▶ **DATA BLOCK**:
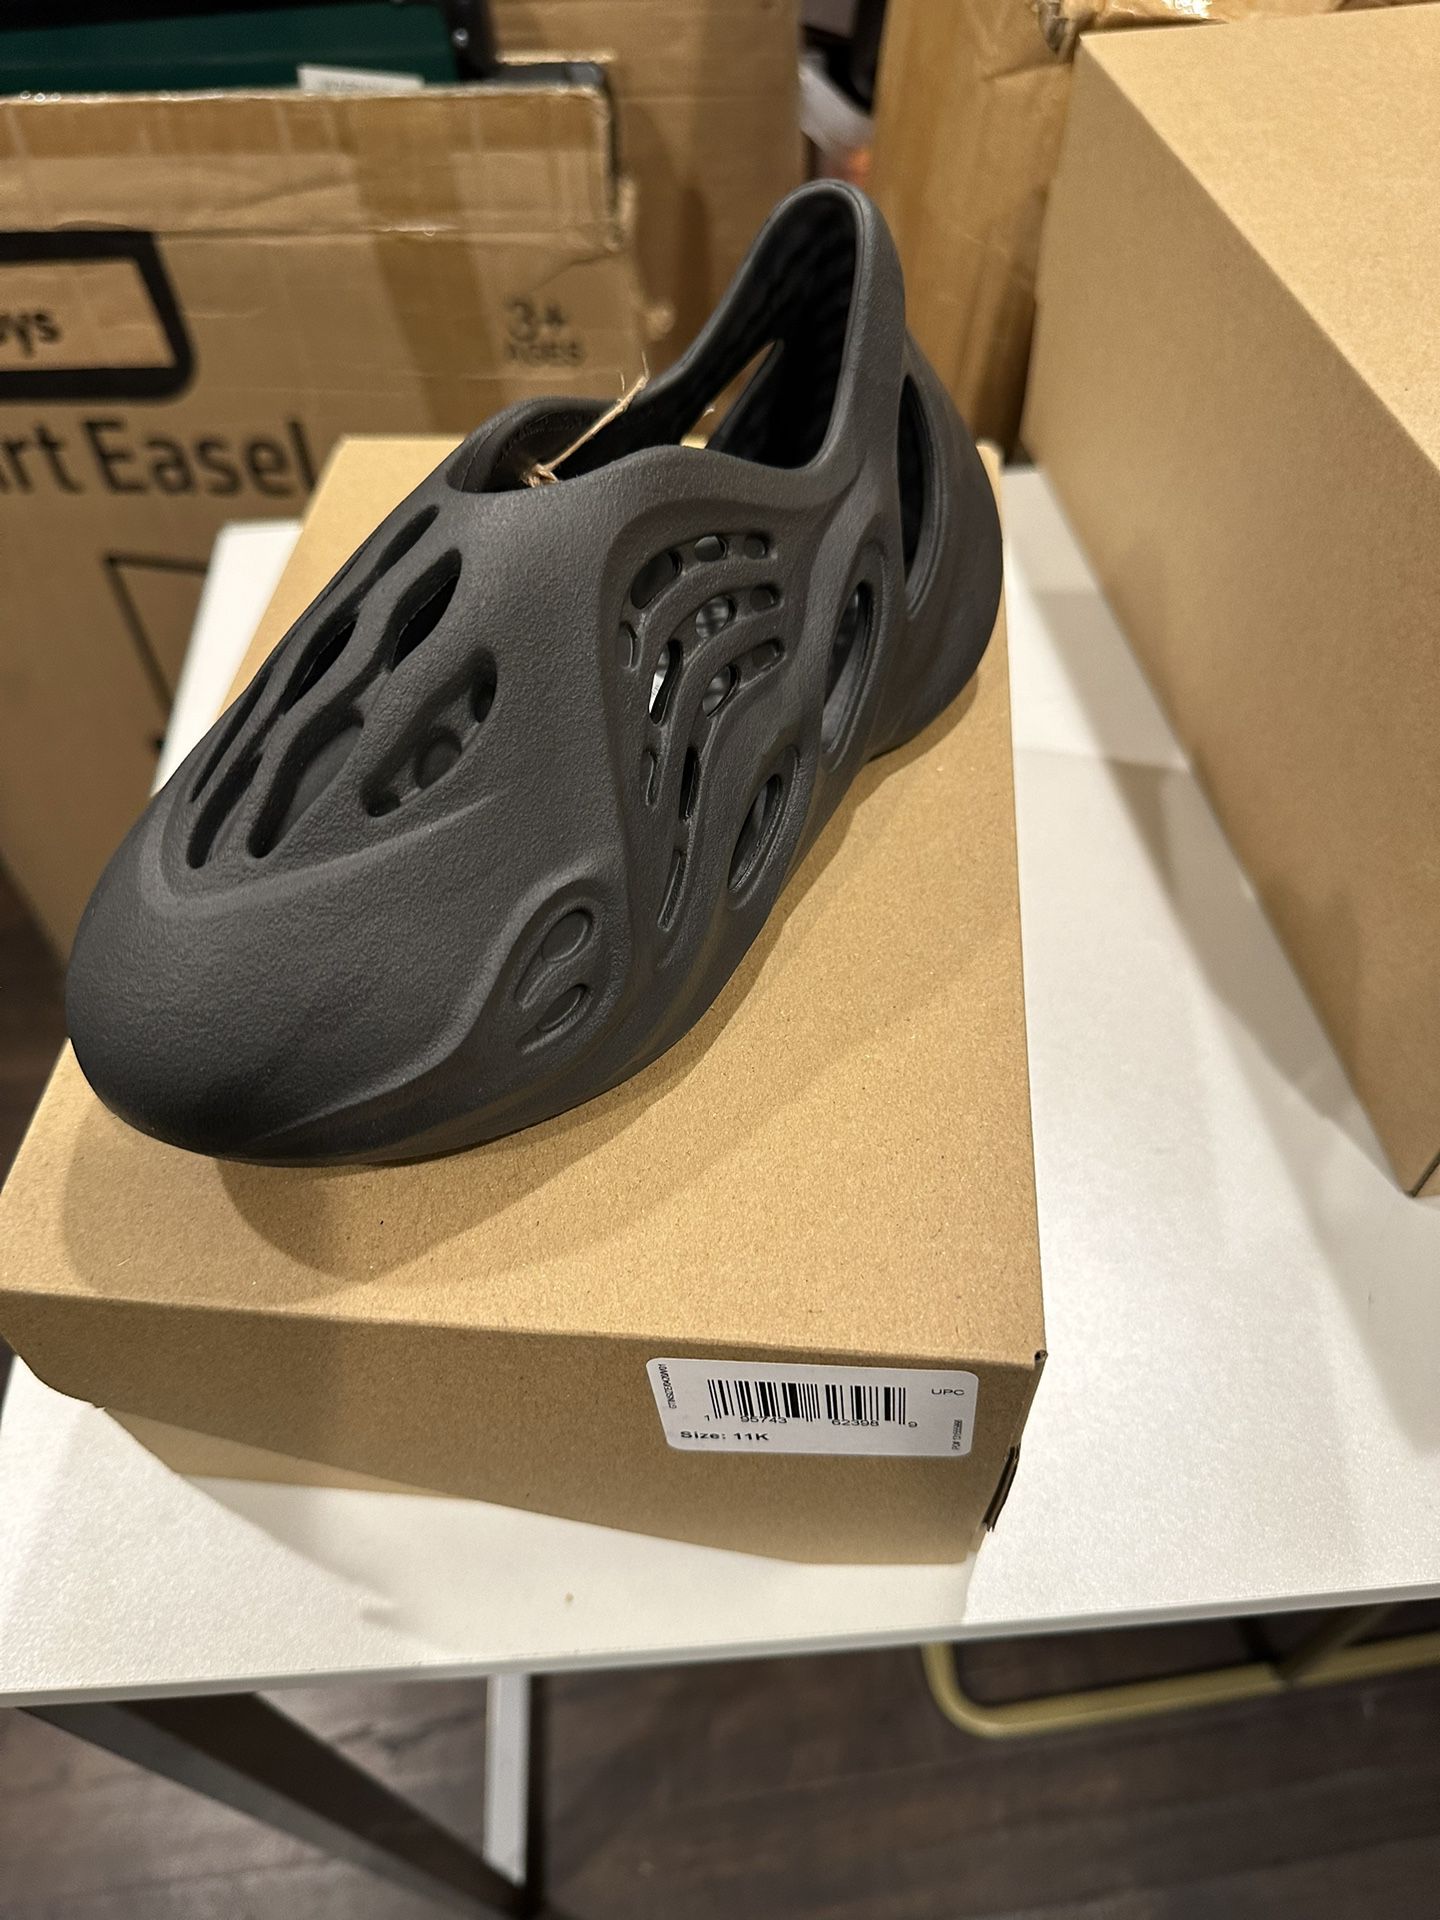 Adidas Yzy Foam Runner Onyx
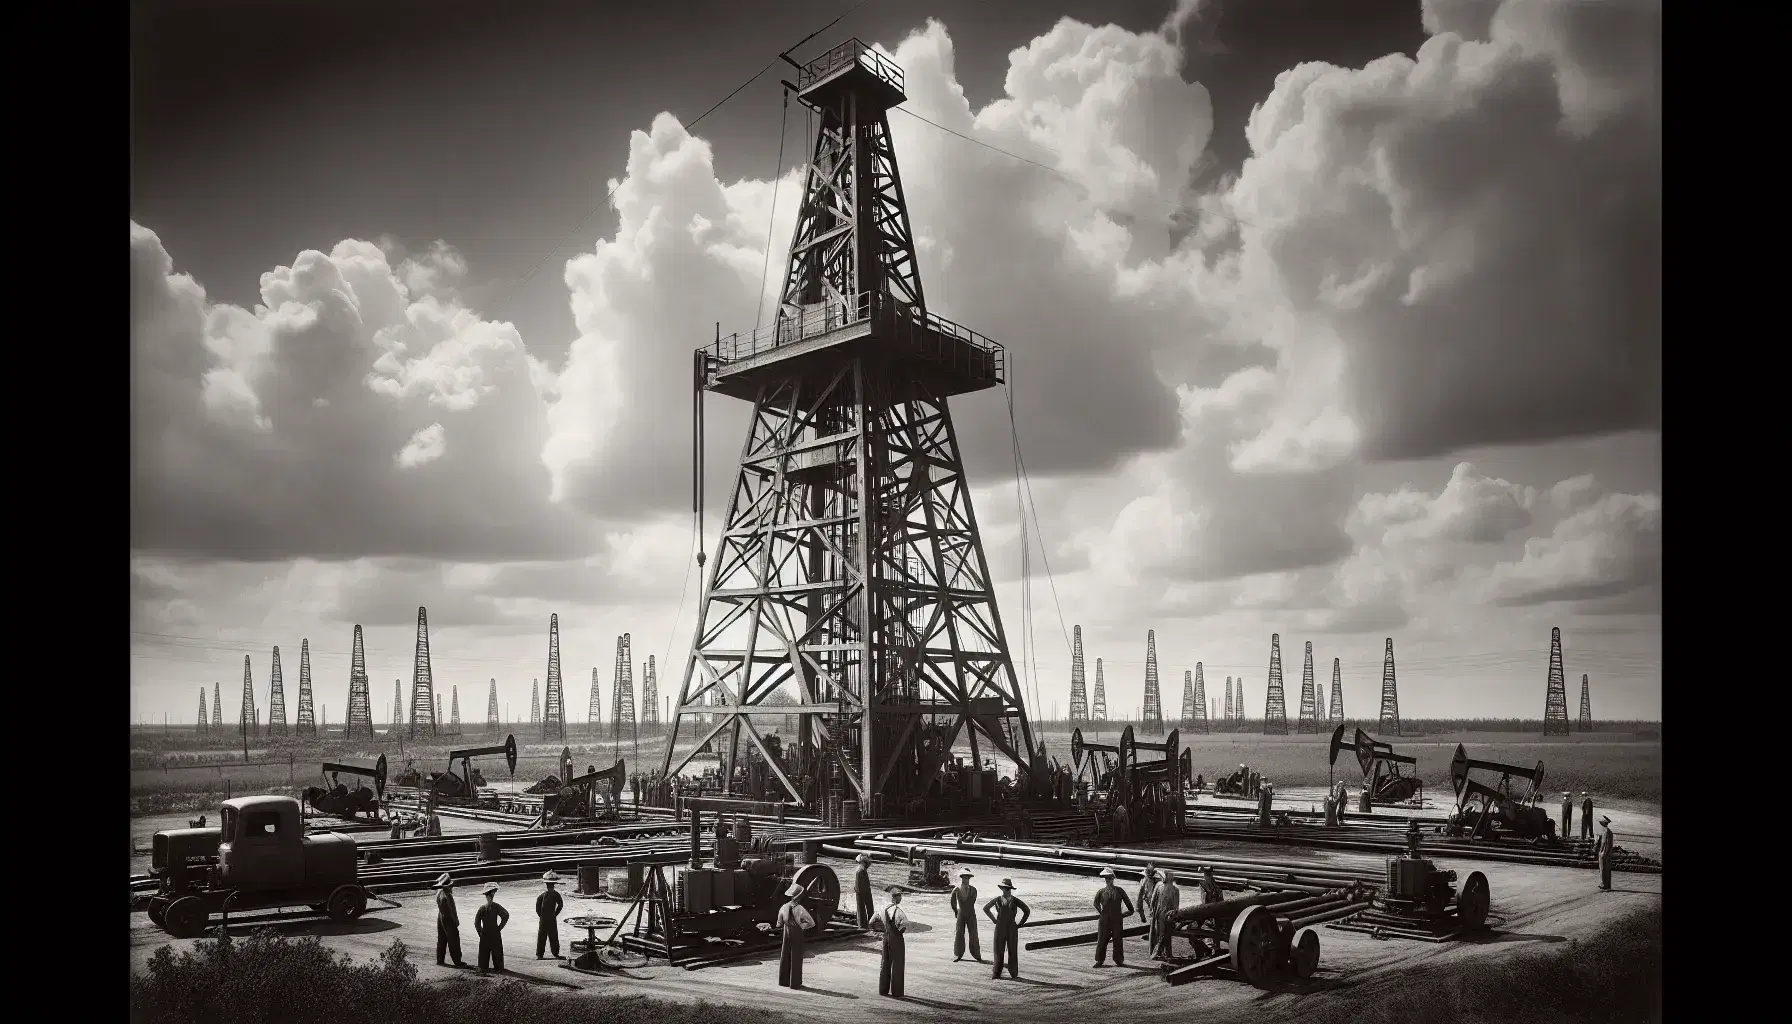 Campo petrolífero de la década de 1940 con torre de perforación y trabajadores, rodeado de múltiples derricks y paisaje industrial bajo cielo parcialmente nublado.
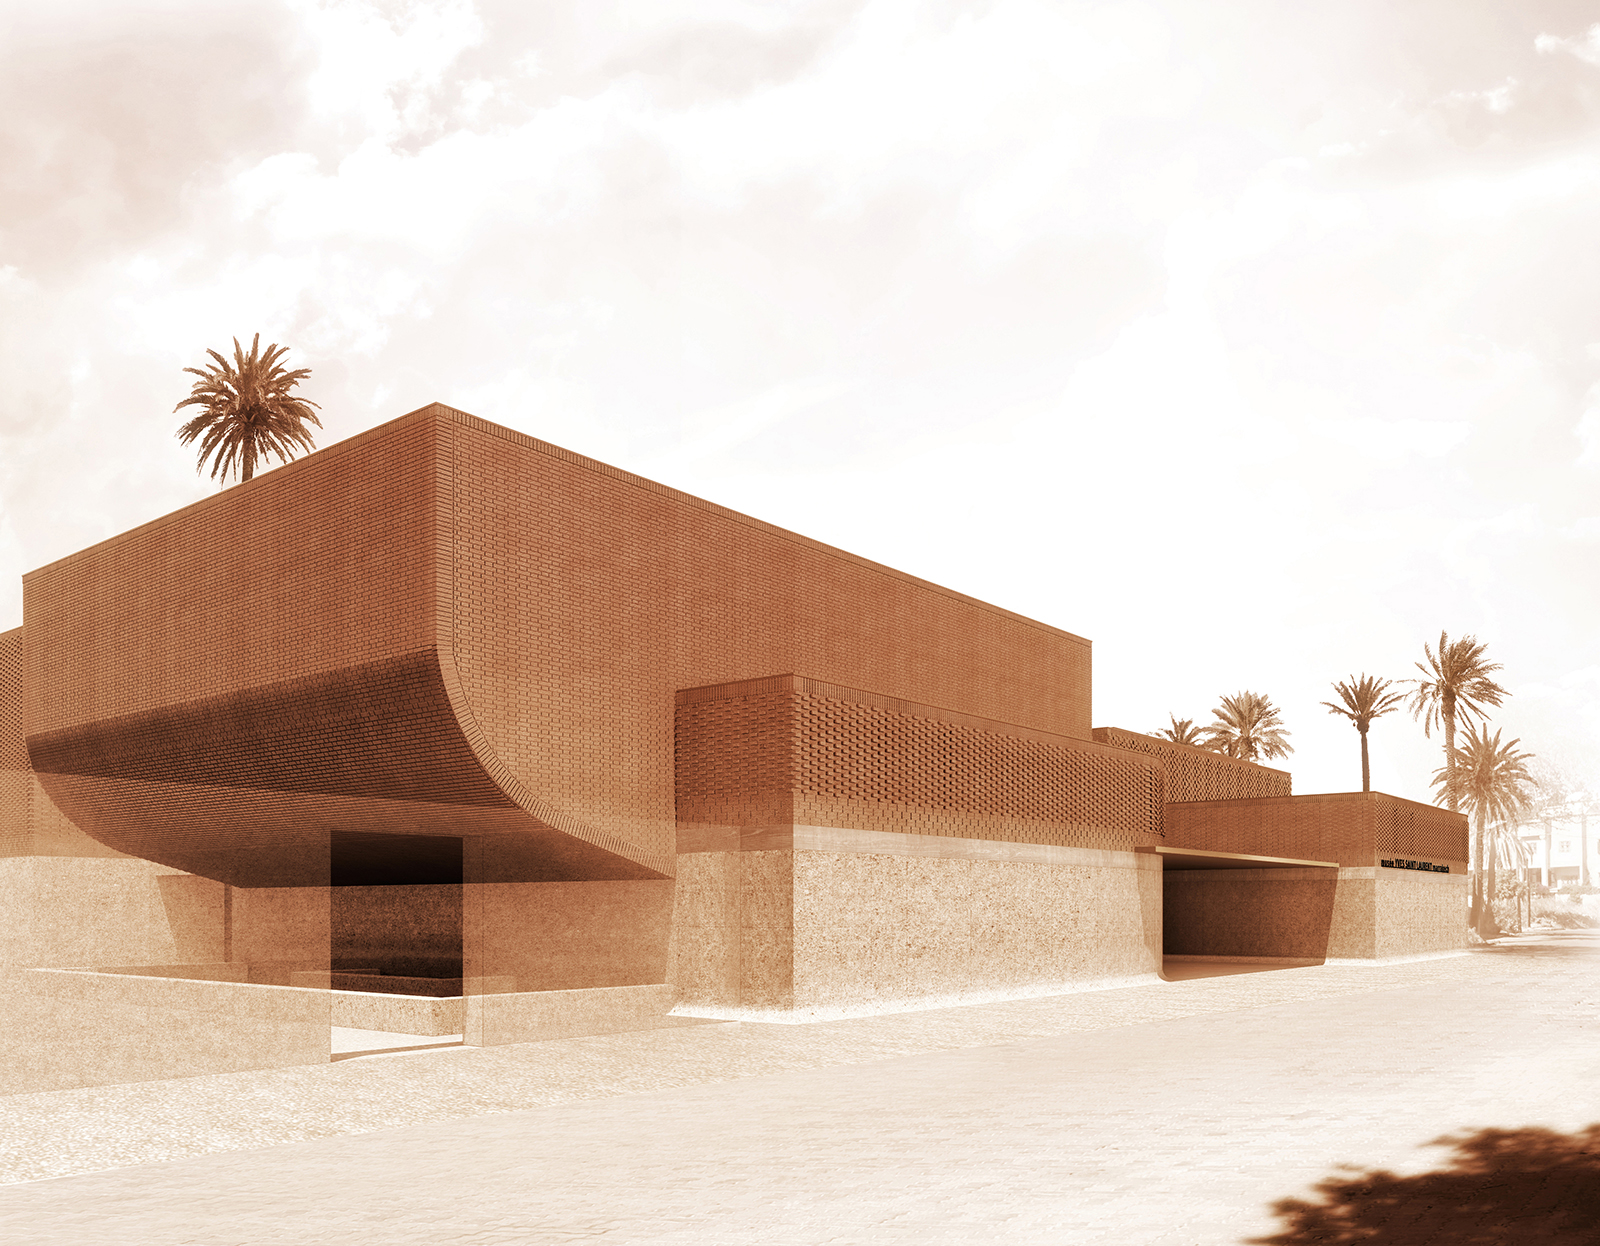 Musée Yves Saint Laurent Marrakech, entrance courtyard (c) 2016 Studio KO Fondation Pierre Bergé Yves Saint Laurent

▶ **WORK ITEM**:
Going from the line that holds "Campo petrolífero de" to the end of the listing above, copy each line exactly and nothing more, leaving pictures aside.

▶ **EXERCISE RESPONSE**:
 Campo petrolífero de la década de 1940 con torre de perforación y trabajadores, rodeado de múltiples derricks y paisaje industrial bajo cielo parcialmente nublado.
 Musée Yves Saint Laurent Marrakech, entrance courtyard (c) 2016 Studio KO Fondation Pierre Bergé Yves Saint Laurent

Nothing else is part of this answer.